Директор

Евгений Боровицкий
Случилось так, что я волею судьбы попал в профессиональный театр. Не актером, конечно, а заместителем директора. Директором театра и соответственно моим шефом был тоже, непонятно как попавший в театральную среду, армянин с экономическим образованием – Егоян Левон Казарович. Стройный мужчина с обостренным чувством собственного достоинства чем-то напоминал мага Калиостро из фильма «Формула любви», взглядом, наверное.

Своего здания в то время театр еще не имел. Левона Казаровича, скорее всего, и взяли в директора, чтобы он перестроил  серенькое здание кинотеатра «Спартак» в приемлемую театральную сцену. Естественно, под эту стройку директор немного подправил свою дачу, доставшуюся ему от тестя академика.

Я как раз был принят на работу в самый разгар стройки и наивно полагал, что и мне начнет что-то перепадать.
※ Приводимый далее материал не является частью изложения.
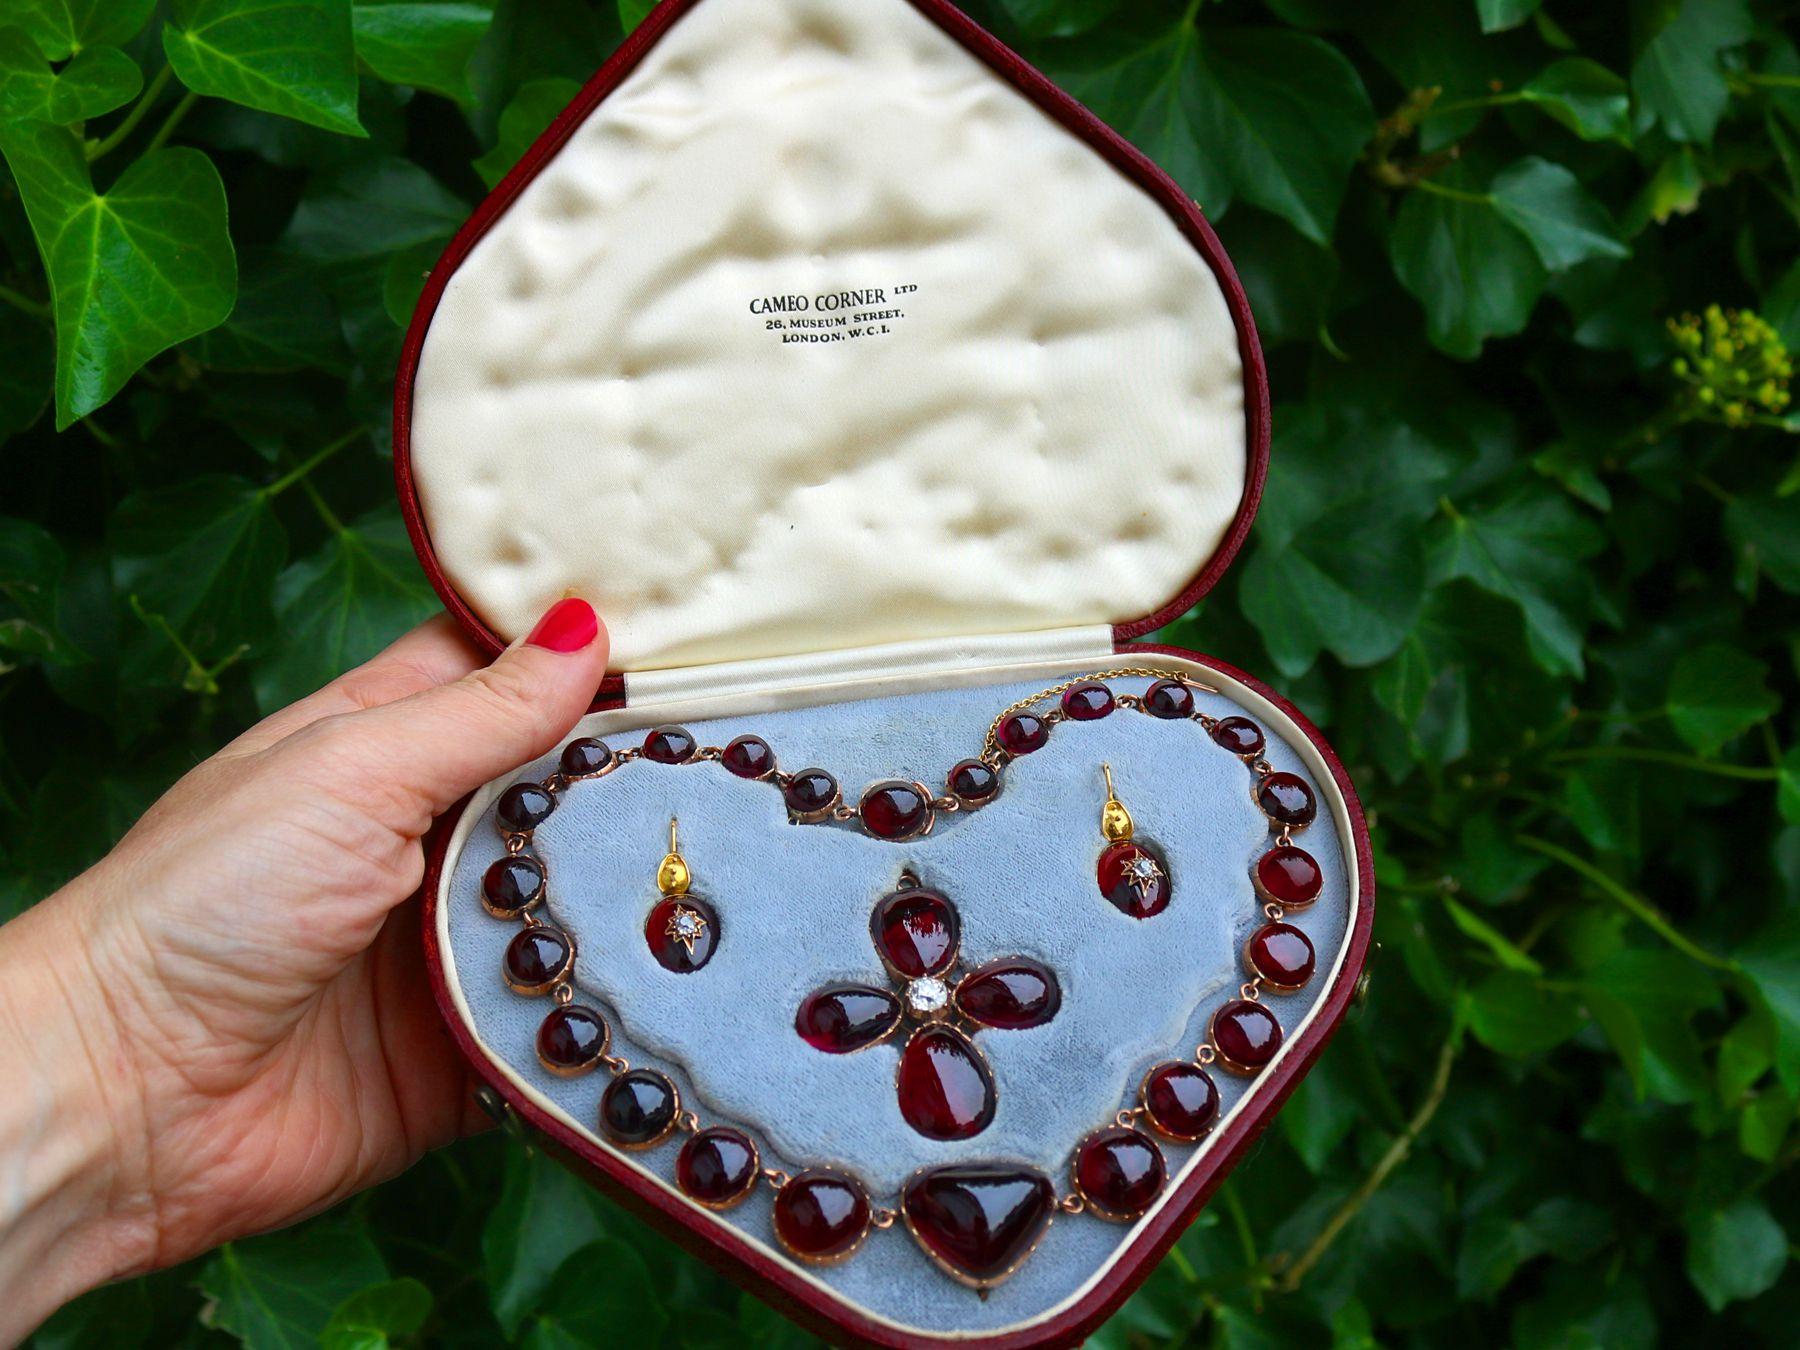 A stunning antique 1820s Regency era 206.60 carat garnet and 1.49 carat diamond, 8k and 9k yellow gold jewelry set; part of our diverse antique jewelry and estate jewelry collections.

This stunning, fine and impressive Regency era cabochon cut

Но, мои надежды оказались напрасными. Директор с главным инженером Евгением Шабуней в лишнем нахлебнике не нуждались.

 Шабуня – небольшого роста, но широкий и мощный, мастер спорта по тяжелой атлетике, с большой головой и пышными усами всегда был весел и добродушен. Он и вел стройку века. А пока все мы административные работники театра размещались в двух небольших комнатах в здании филармонии.

 В большей комнате располагалась бухгалтерия, а в меньшей – директор со мной и с секретаршей Натальей – девушкой лет двадцати. Не знаю почему, но мне кажется, что между ними что-то было. Утверждать не буду. Это лишь мои предположения.

 Обращался я к директору на «Вы». Во-первых, по должности шеф, во-вторых, на десять лет старше меня. Надо отдать должное, он старался быть для труппы, для подчиненных – отцом родным. Однако не терпел возражений и считал себя, как сейчас принято говорить, мачо.

 Меня с техническим образованием сосватал к нему мой друг по университету. Так что я был как бы не со стороны. В мою задачу входило обеспечение труппы сценой для репетиций и организацией гастролей по стране. Правда, возить на гастроли было нечего, в репертуаре театра был один единственный детский спектакль «Необыкновенные приключения Эрни».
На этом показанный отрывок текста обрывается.